The vascular component of scars undergoes a similar gradual transformation. The neovascular networks formed during healing often regress, leaving behind hypovascular regions. Reduced blood supply can alter the metabolic state of scar tissue, promoting hypoxia and oxidative stress. These conditions stimulate fibroblasts to produce denser, more cross-linked collagen, which stiffens the tissue furtherMechanical forces exerted on scars by movement, tension, and body growth add another layer to this phenomenon. Every scar exists within a field of mechanical stress defined by the surrounding skin, muscle, and connective tissue. Continuous tension along these vectors influences the orientation and density of collagen fibers. Scars located in high-motion areas such as joints or the abdomen often display more pronounced morphogenetic drift than those in immobile regions. Over time, the repeated mechanical strain stimulates mechanotransduction pathways in scar fibroblasts, leading to renewed matrix deposition and structural adaptation. This mechanical adaptation is rarely symmetrical or controlled, producing irregular thickening, elongation, or distortion of the scar.

Inflammation, even at a subclinical level, contributes to the longterm transformation of scar morphology. While most inflammation subsides after healing, minor immune activity may persist in response to mechanical irritation, microtrauma, or oxidative stress. Low levels of inflammatory cytokines and matrix-degrading enzymes can gradually modify the extracellular architecture. Chronic, mild inflammation promotes continuous turnover of collagen, elastin, and proteoglycans, resulting in slow remodeling and stiffening of the scar matrix. These biochemical processes occur too gradually to be perceived clinically in the short term, but their cumulative effect over years becomes evident as visible textural and color changes in mature scars.

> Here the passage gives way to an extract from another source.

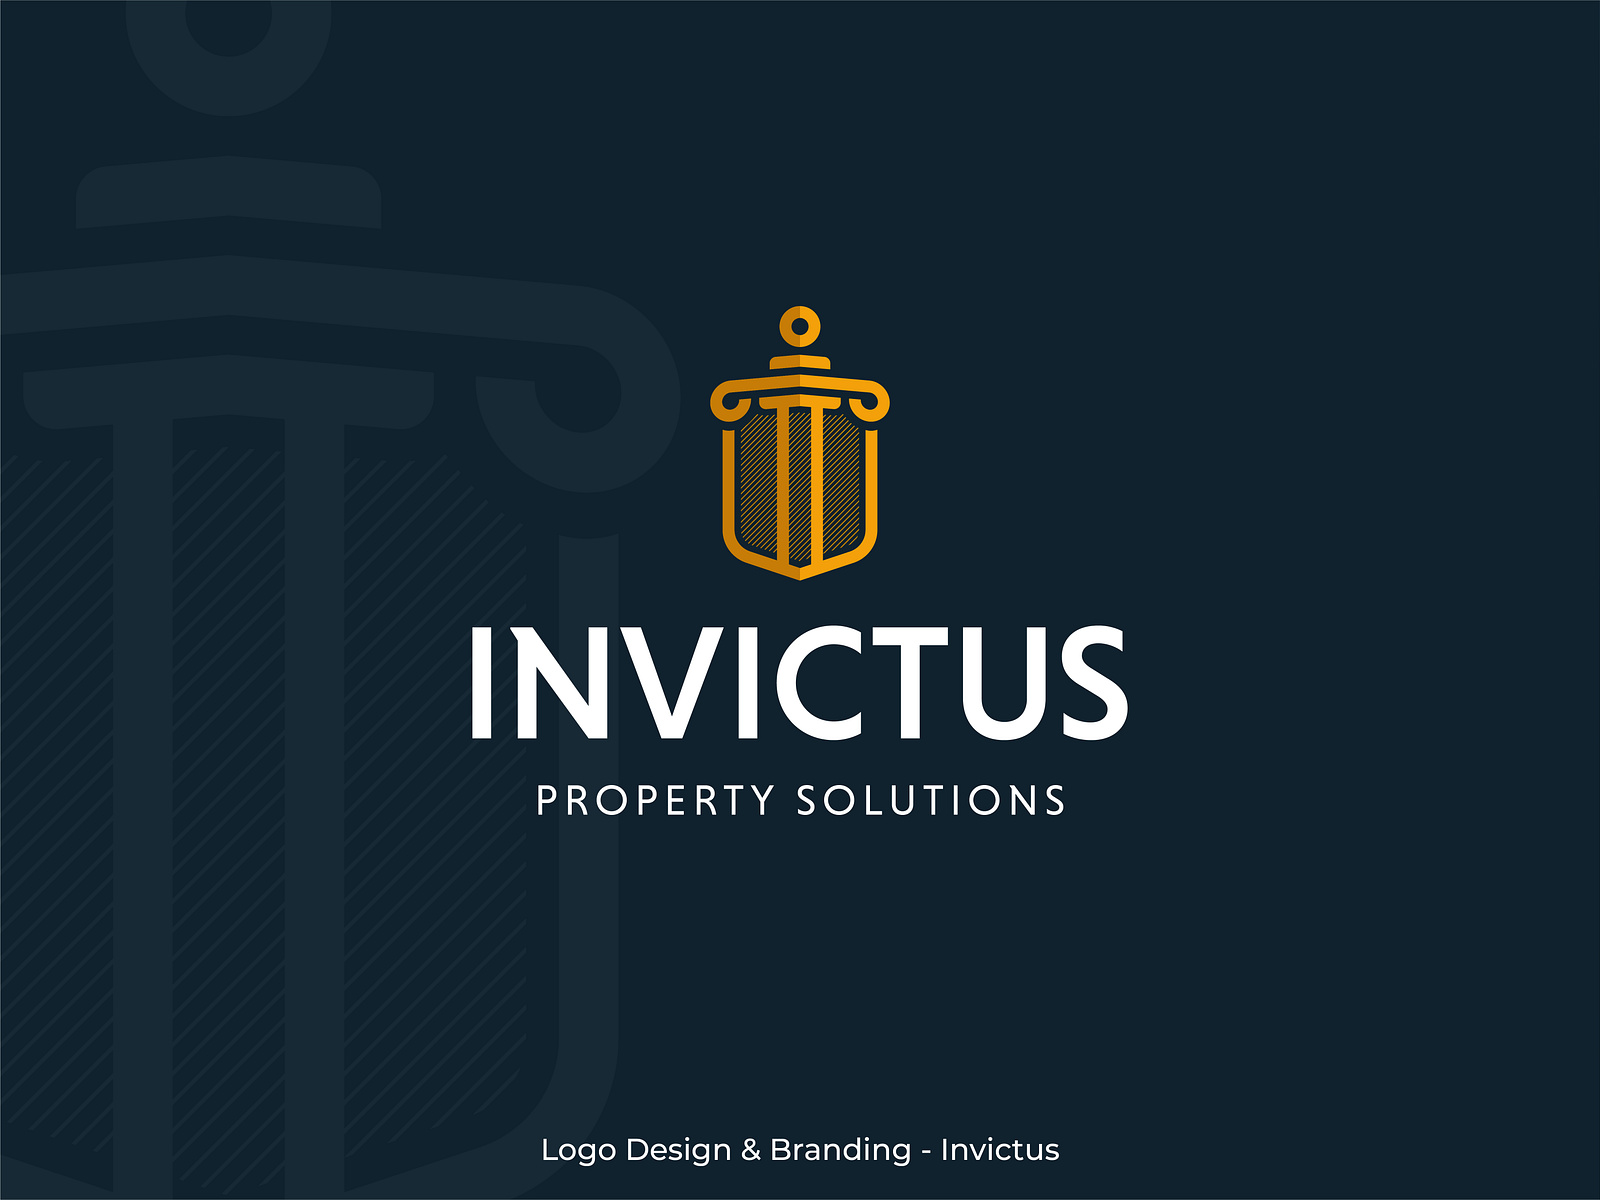 Invictus - Logo Design & Branding by Tom Green on Dribbble

Clinical observation supports the presence of morphogenetic drift in long-term scars. Scars that initially appear flat and wellhealed may, after several years, become thickened, depressed, or irregular in pigmentation. The progression is typically slow, often unnoticed by the patient until the changes become prominent. In surgical reconstruction, these late alterations can compromise both cosmetic appearance and functional mobility. For example, scars near joints may gradually restrict range of motion due to ongoing contracture, while facial scars may distort contours as underlying tissues shift with age. Understanding the underlying biological basis of this phenomenon provides a rationale for long-term monitoring and preventive management of surgical scars.

Conclusion

Morphogenetic drift reveals that a surgical scar is not a static relic of injury but a living structure that continues to evolve under the influence of time, tension, metabolism, and aging. The slow reshaping of its architecture represents the long-term dialogue between cellular persistence and mechanical adaptation. Recognizing scars as dynamic tissues invites a new approach to postoperative care, emphasizing not only initial healing but also the lifelong maintenance of structural equilibrium. Understanding and addressing morphogenetic drift offers the potential to transform scar management from a reactive endeavor into a proactive strategy that preserves form, function, and harmony between the repaired and the original tissue.